*** Given information ***

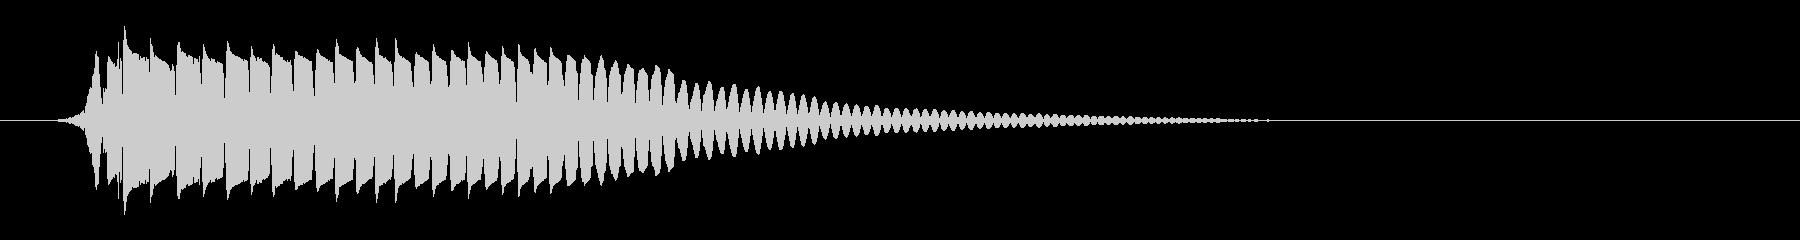 ポヨン(バウンドの音色)の未再生の波形
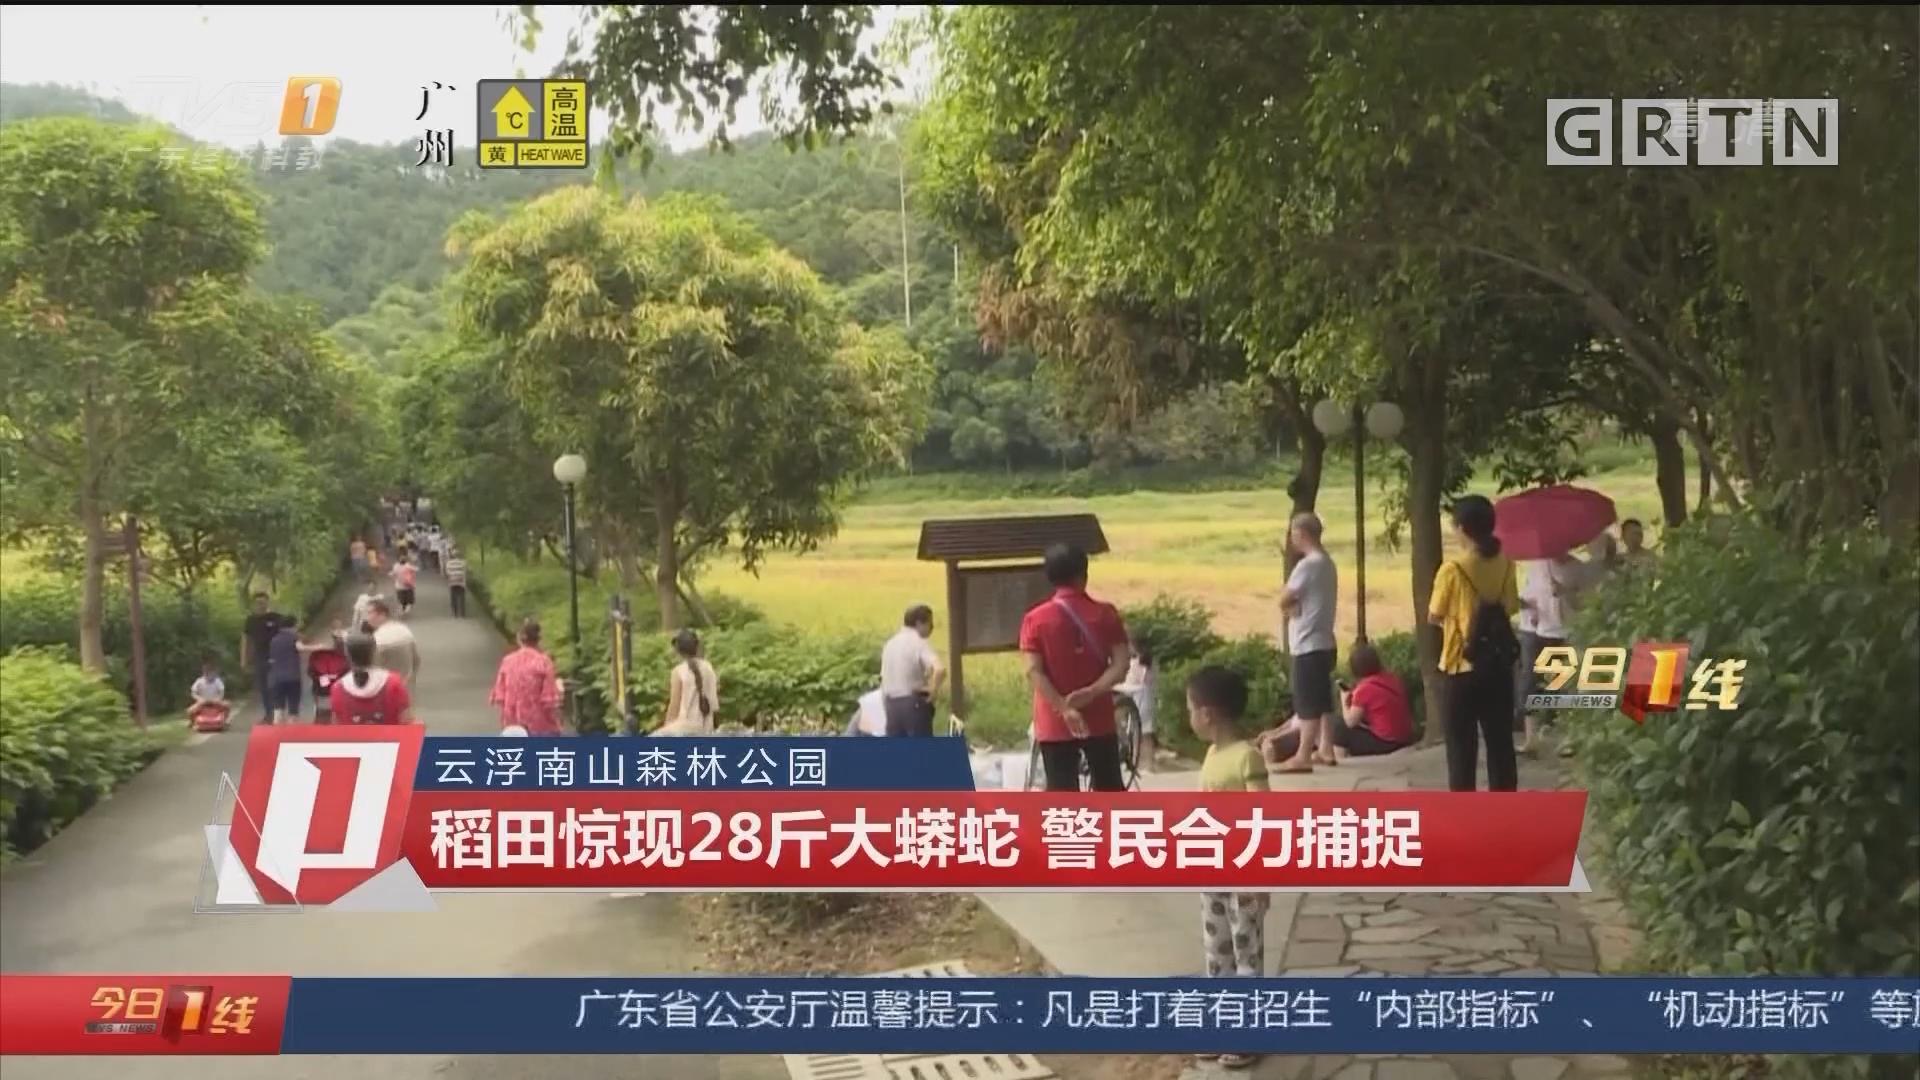 云浮南山森林公园:稻田惊现28斤大蟒蛇 警民合力捕捉
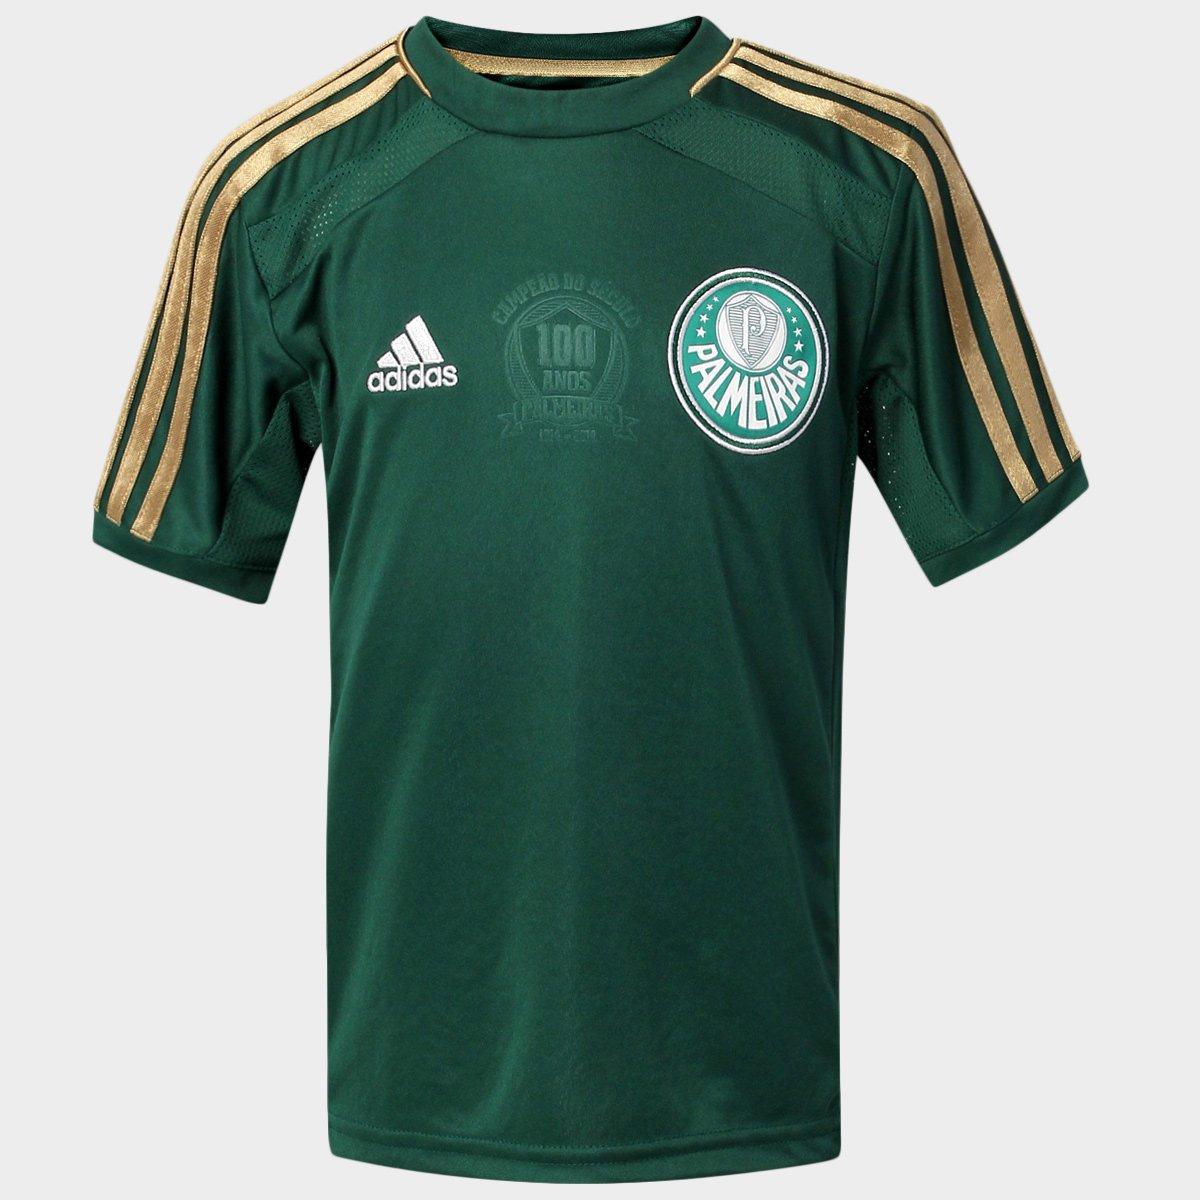 5f6386d651 Camisa Adidas Palmeiras I 14 15 s nº Infantil - Compre Agora
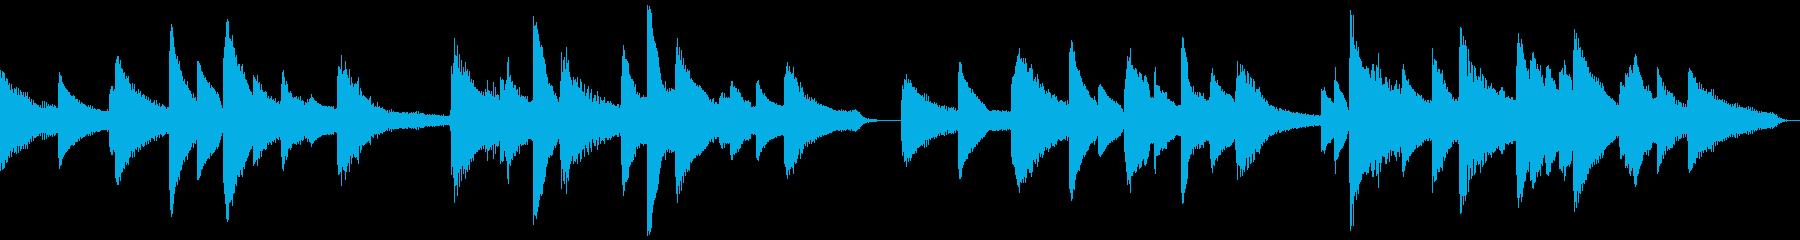 満月をイメージした和風ピアノ曲:ループの再生済みの波形
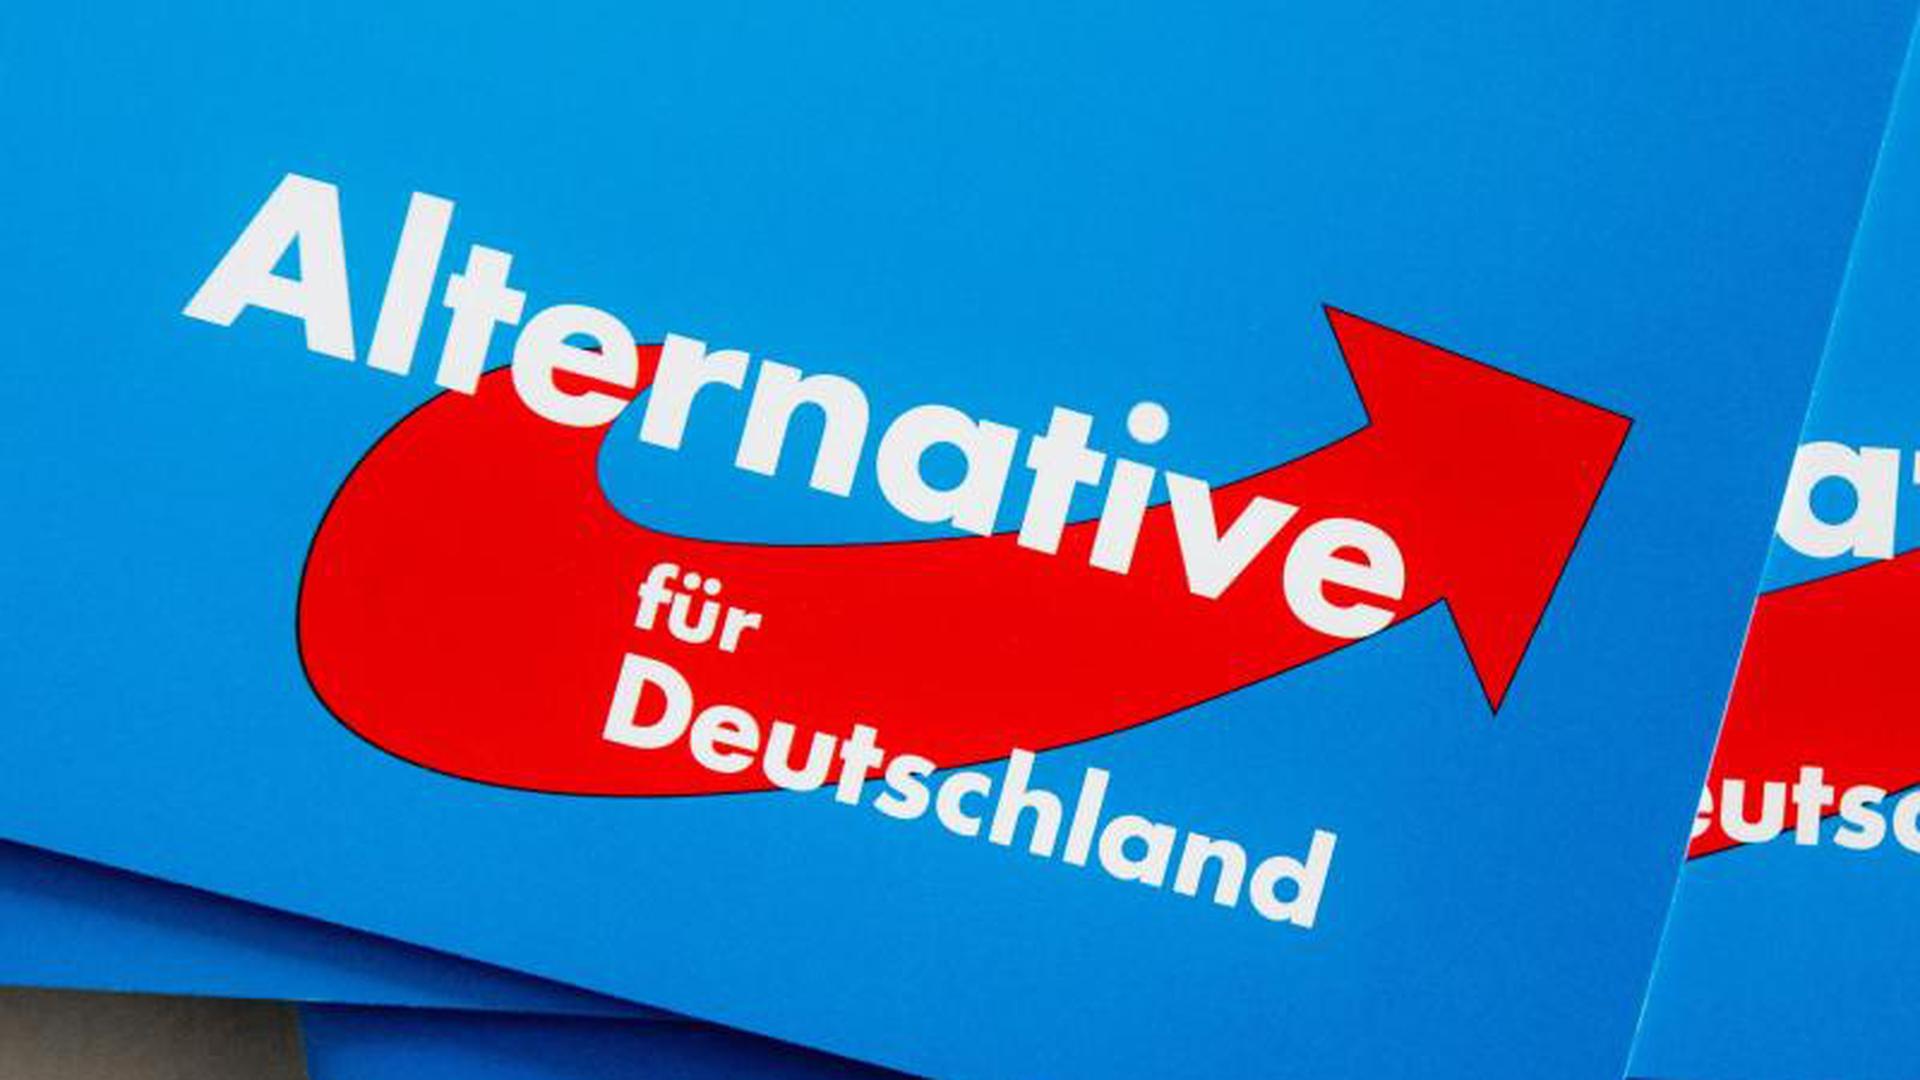 Das Logo der Partei Alternative für Deutschland
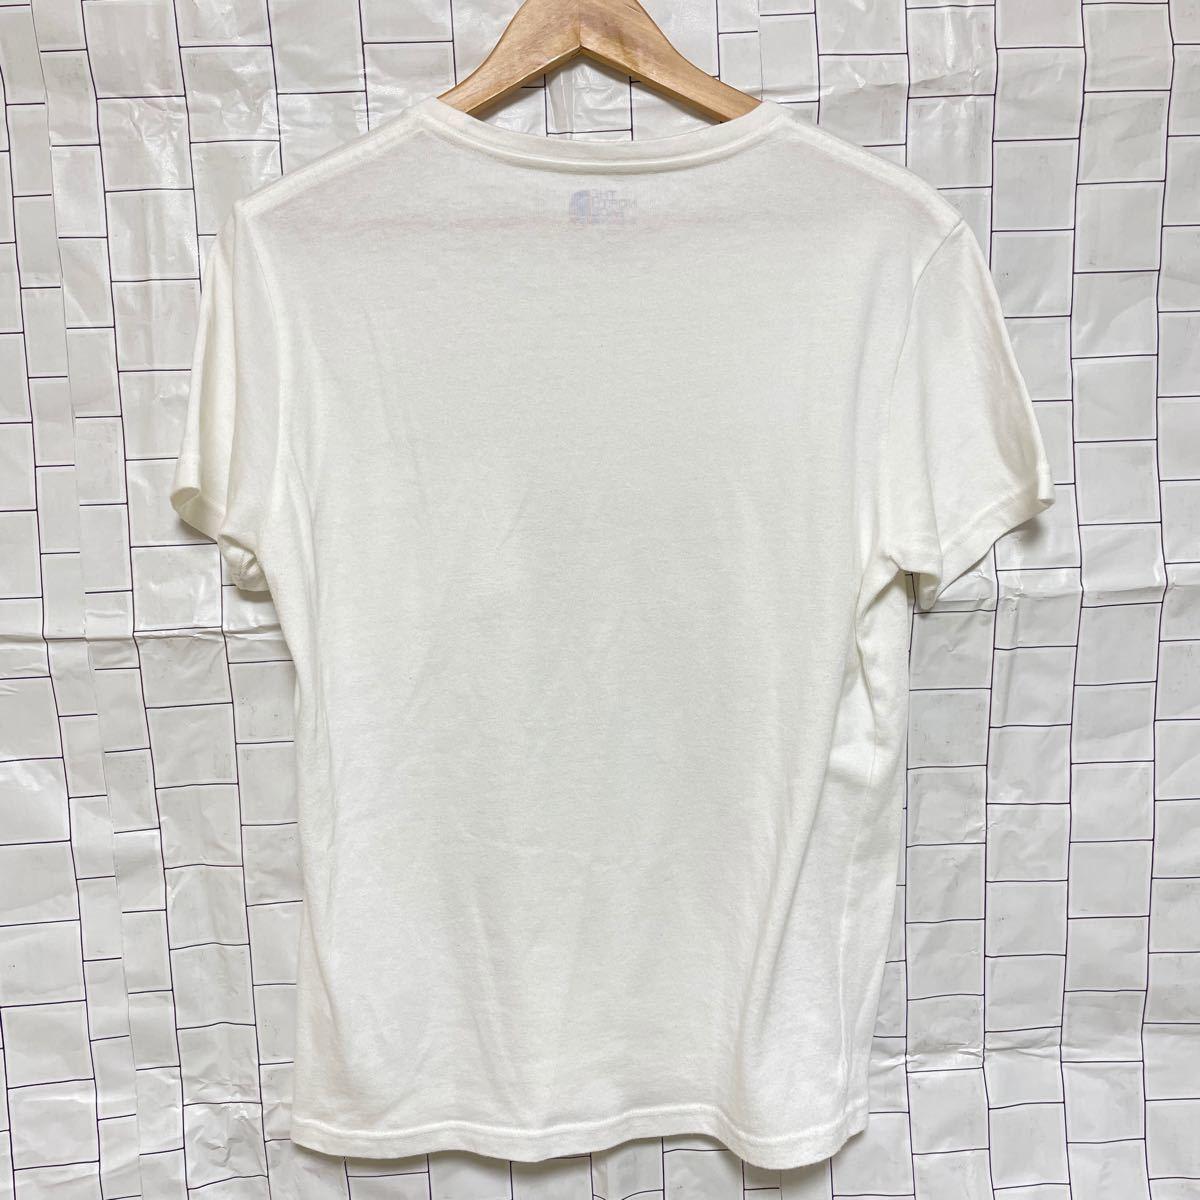 ノースフェイス Tシャツ ビックプリント パープルレーベル ザノースフェイス THE NORTH FACE ビッグロゴ
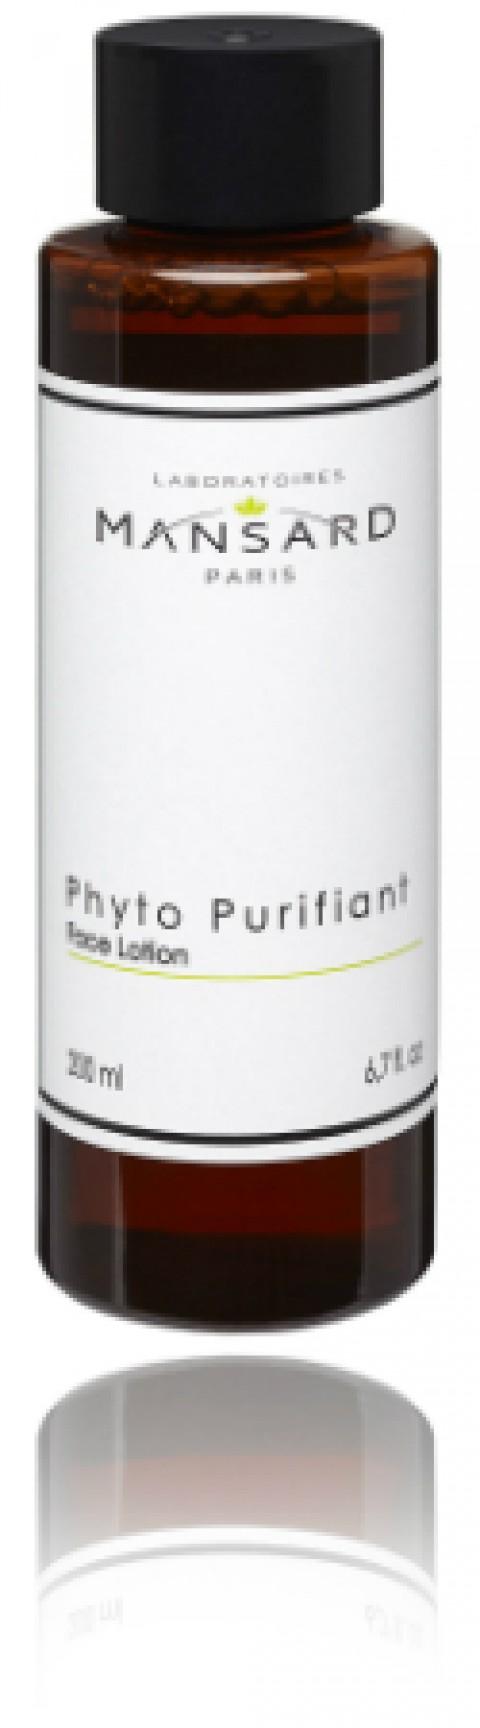 Cadeau : recevez une miniature du sérum Phyto Purifiant Nettoyant 3 en 1 Mansard

*** End of Given information ***

**Task description:**
With pictures left out, extract the lines from the one containing "5f6386d651 Camisa Adidas" to the end of the material above, both included, exactly as written.

**Solution to this problem:**
 5f6386d651 Camisa Adidas Palmeiras I 14 15 s nº Infantil - Compre Agora
 満月をイメージした和風ピアノ曲:ループの再生済みの波形
 Das Logo der Partei Alternative für Deutschland
 ノースフェイス Tシャツ ビックプリント パープルレーベル ザノースフェイス THE NORTH FACE ビッグロゴ
 Cadeau : recevez une miniature du sérum Phyto Purifiant Nettoyant 3 en 1 Mansard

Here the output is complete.